# Choke Collar Peekaboo



## Avengr13 (Feb 8, 2012)

I have always used a choke collar for training but I have always had short hair dogs. Her collar gets lost in the long fur by her neck. Any ideas?


----------



## Blondie (Oct 10, 2009)

Are you training a dog or a puppy? I too am of the old school of training with a choker collar. I had boxers as a kid and did obedience the old fashioned strict/rigid ways of by gone years. When I took Maggie to obedience as a 4 month old, I used a cotten materail choker collar. I don't really know what else people are using, but that training has really changed over the years. So much so, that I'm actually considering starting Maggie over at the beginning level.
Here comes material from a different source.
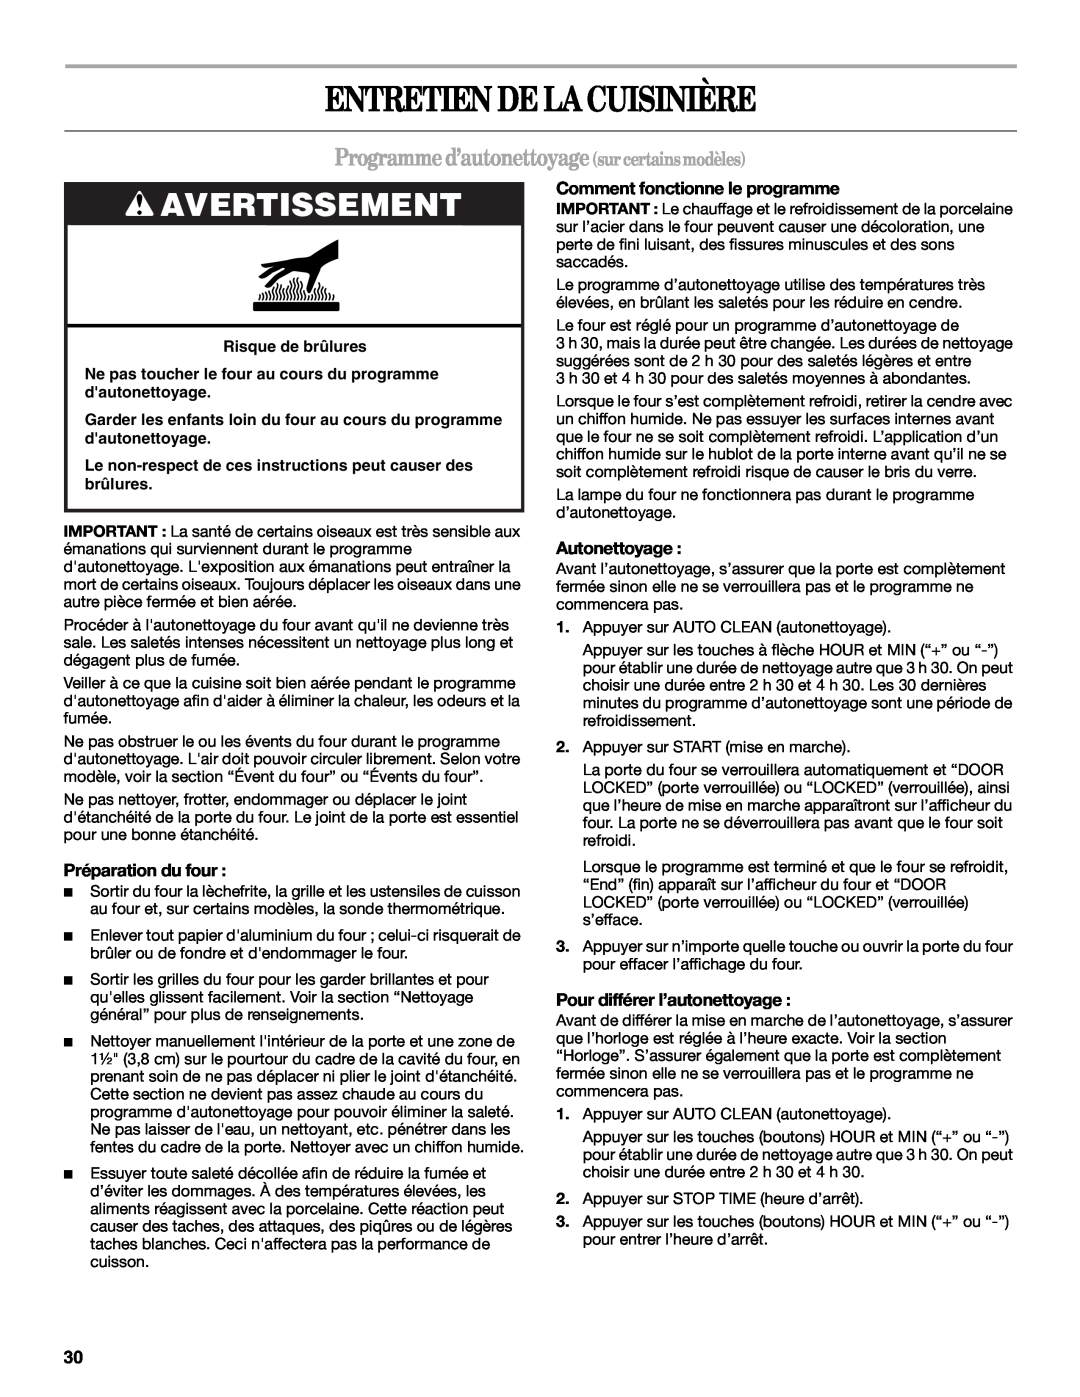 Whirlpool W10086240 manual Entretien De La Cuisinière, Programme d’autonettoyage sur certains modèles, Avertissement

Eventually, hoping to achieve the CGC title. With positive training and clicker nowadays, it's all so different. I'm sure someone will come along who knows more about your collar inquiry.


----------



## Avengr13 (Feb 8, 2012)

Thanks for trying Blondie!


----------



## MikaTallulah (Jul 19, 2006)

I have always used a metal choke chain for training my Goldens. Right now at dog training though I have to use a martingale because they don't allow choke chains.
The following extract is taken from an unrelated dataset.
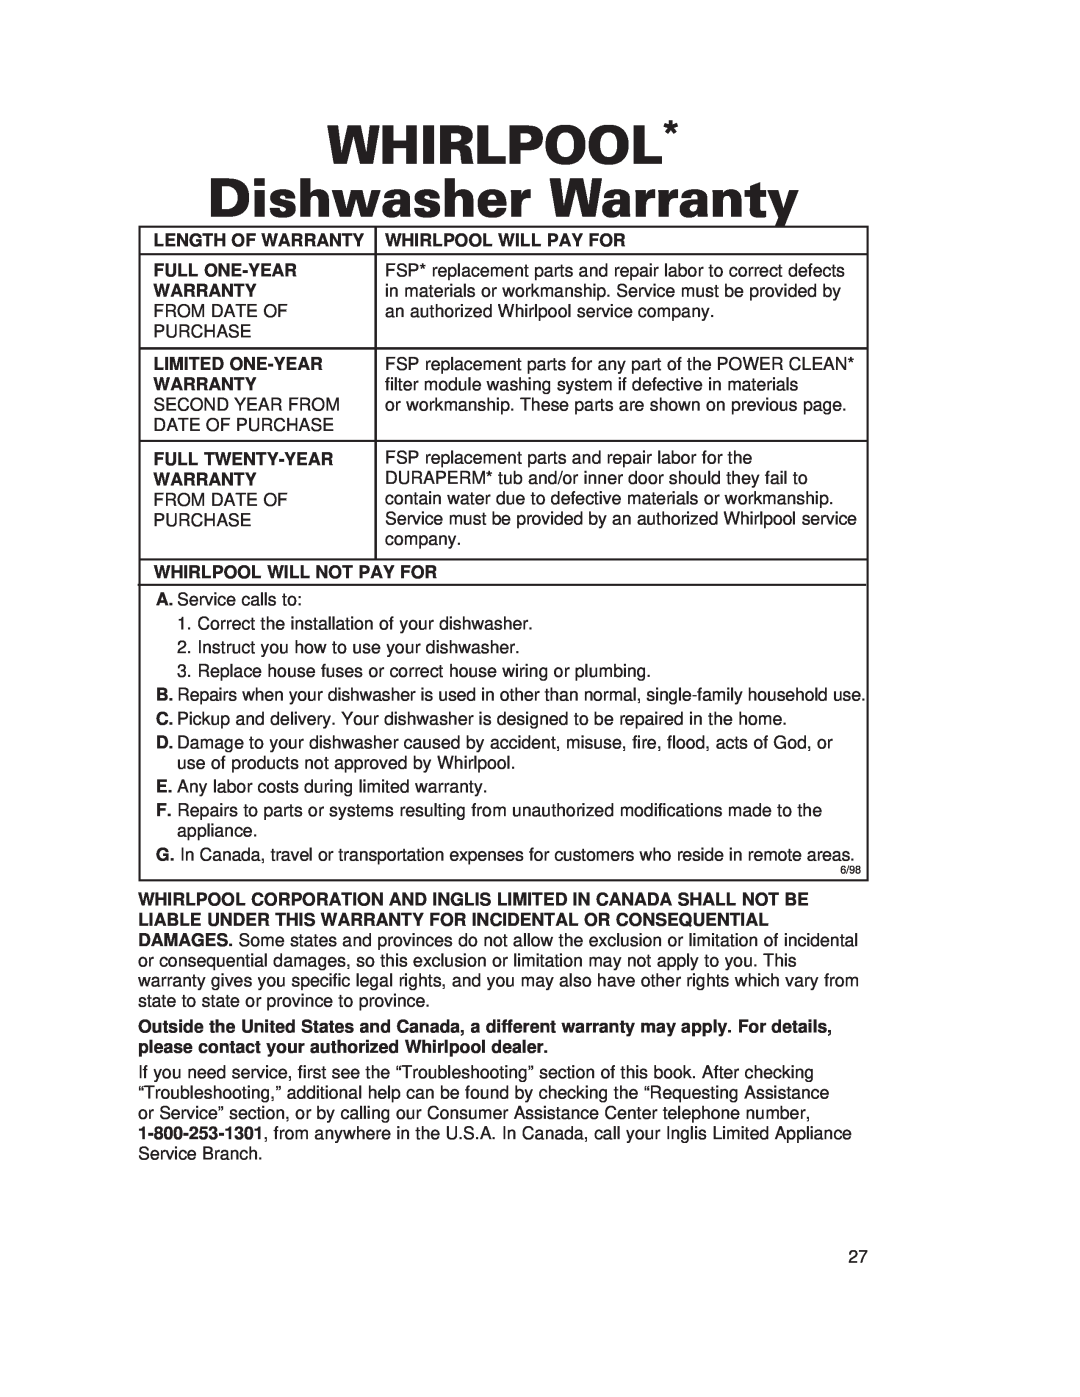 Whirlpool 910 Series warranty WHIRLPOOL Dishwasher Warranty

Why do you need to worry out choke chain peek a boo? They should only wear it during training and it should be removed after to prevent accidental chokings. When training a leash would be attached to it.


----------



## Golden Oliver (Dec 18, 2011)

Oliver is in puppy class (he's 5 months) and the trainer suggested a cotton choke collar. I've tried it and it's helping. I only put it on when we go for a walk and while at puppy class. It's quite tight but the trainer says it's the right size for him.


----------



## JDandBigAm (Aug 25, 2008)

I have a Spindrift Martingale Cozy collar that is fleece lined to protect neck hair breakage. I think you would be happy with a collar like this one.


----------